Blich Miry, Khoury Asaad, Suleiman Mahmoud, Lorber Avraham, Gepstein Lior, Boulous Monther
Inherited Arrhythmia Clinic.
Division of Pacing and Electrophysiology, Rambam Health Care Campus, Technion Medical School.
Int Heart J. 2019 Jul 27;60(4):979-982. doi: 10.1536/ihj.18-705. Epub 2019 Jun 28.

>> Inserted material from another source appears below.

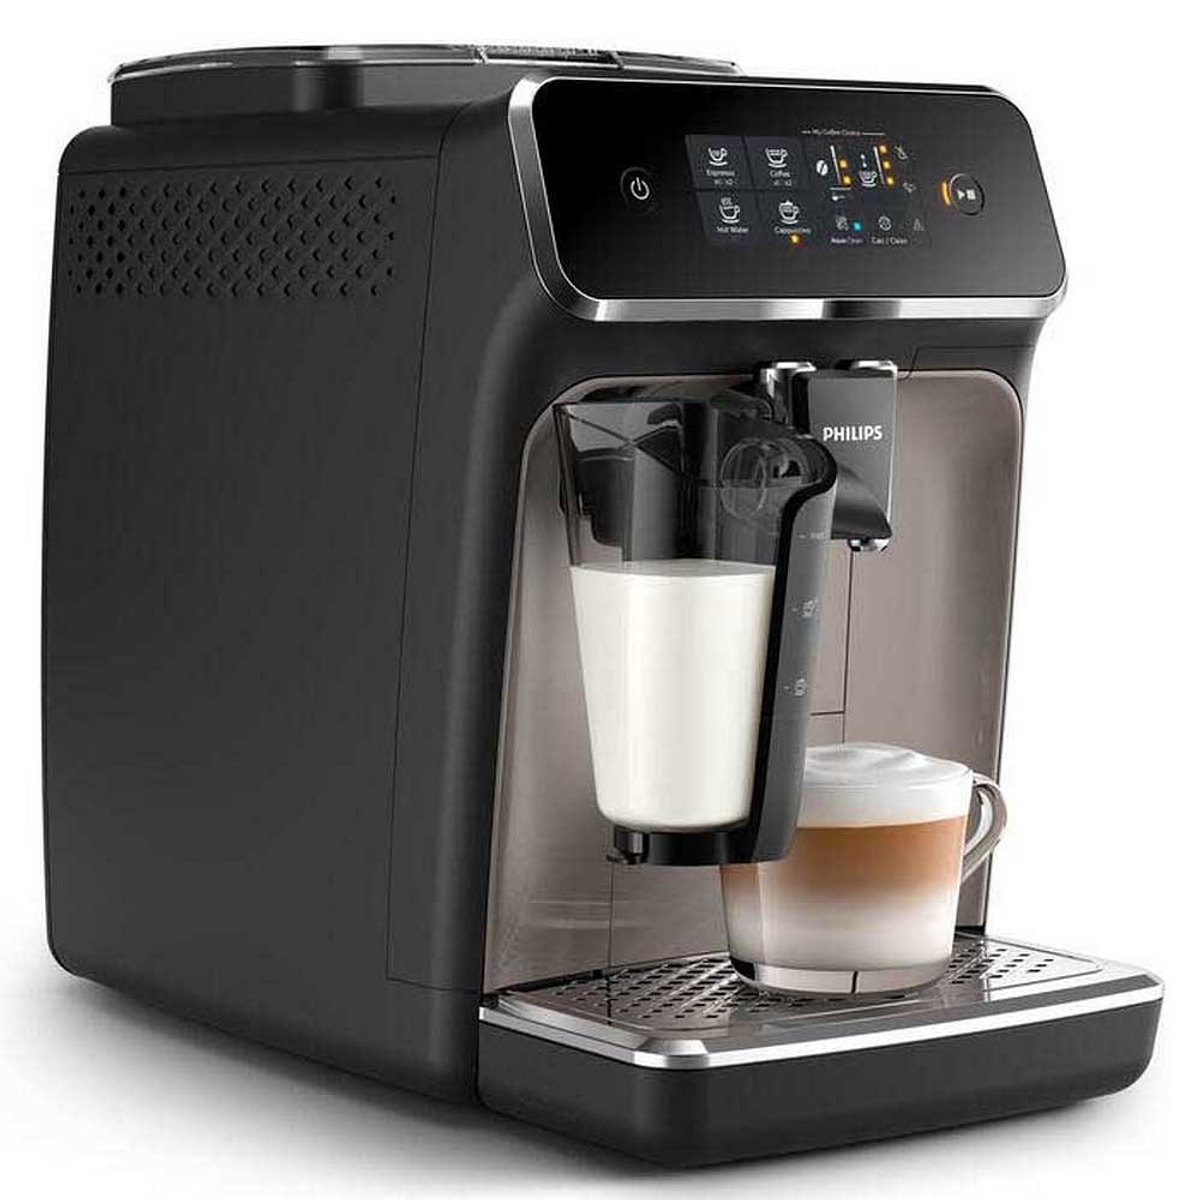 Philips EP2235/40 Super automatic espresso machine

Congenital long QT syndrome (LQTS) is a cardiac channelopathy that leads to the prolongation of the QT interval. This prolongation can lead to ventricular tachyarrhythmia, syncope, and sudden cardiac death. There are various types of LQTS. Treatment of LQT1 and LQT2 is mainly based on antiadrenergic therapy. LQT3, on the other hand, is a result of a mutation of the SCN5A gene, which encodes the sodium channels. In this type, patients are sensitive to vagal stimuli and episodes tend to occur at rest. Sodium channel blocking compounds, such as ranolazine, mexiletine, and flecainide, have been found to be effective in selective mutations.In this case report, we report the case of a child with congenital LQT3 (V411M) who presented first with sudden cardiac death and three weeks later with an implantable cardioverter defibrillator storm. Knowing the specific mutation and understanding the mechanism at the molecular level through an in vitro study yielded a clinically meaningful result. The patient's arrhythmia burden was totally eliminated following successful treatment with flecainide.
先天性长QT综合征(LQTS)是一种导致QT间期延长的心脏离子通道病。这种延长可导致室性快速心律失常、晕厥和心源性猝死。LQTS有多种类型。LQT1和LQT2的治疗主要基于抗肾上腺素能治疗。另一方面,LQT3是SCN5A基因突变的结果,该基因编码钠通道。在这种类型中,患者对迷走神经刺激敏感,发作往往发生在休息时。已发现钠通道阻滞剂化合物,如雷诺嗪、美西律和氟卡尼,对选择性突变有效。在本病例报告中,我们报告了一名先天性LQT3(V411M)患儿的病例,该患儿首次表现为心源性猝死,三周后出现植入式心律转复除颤器风暴。通过体外研究了解特定突变并在分子水平上理解其机制产生了具有临床意义的结果。使用氟卡尼成功治疗后,患者的心律失常负荷完全消除。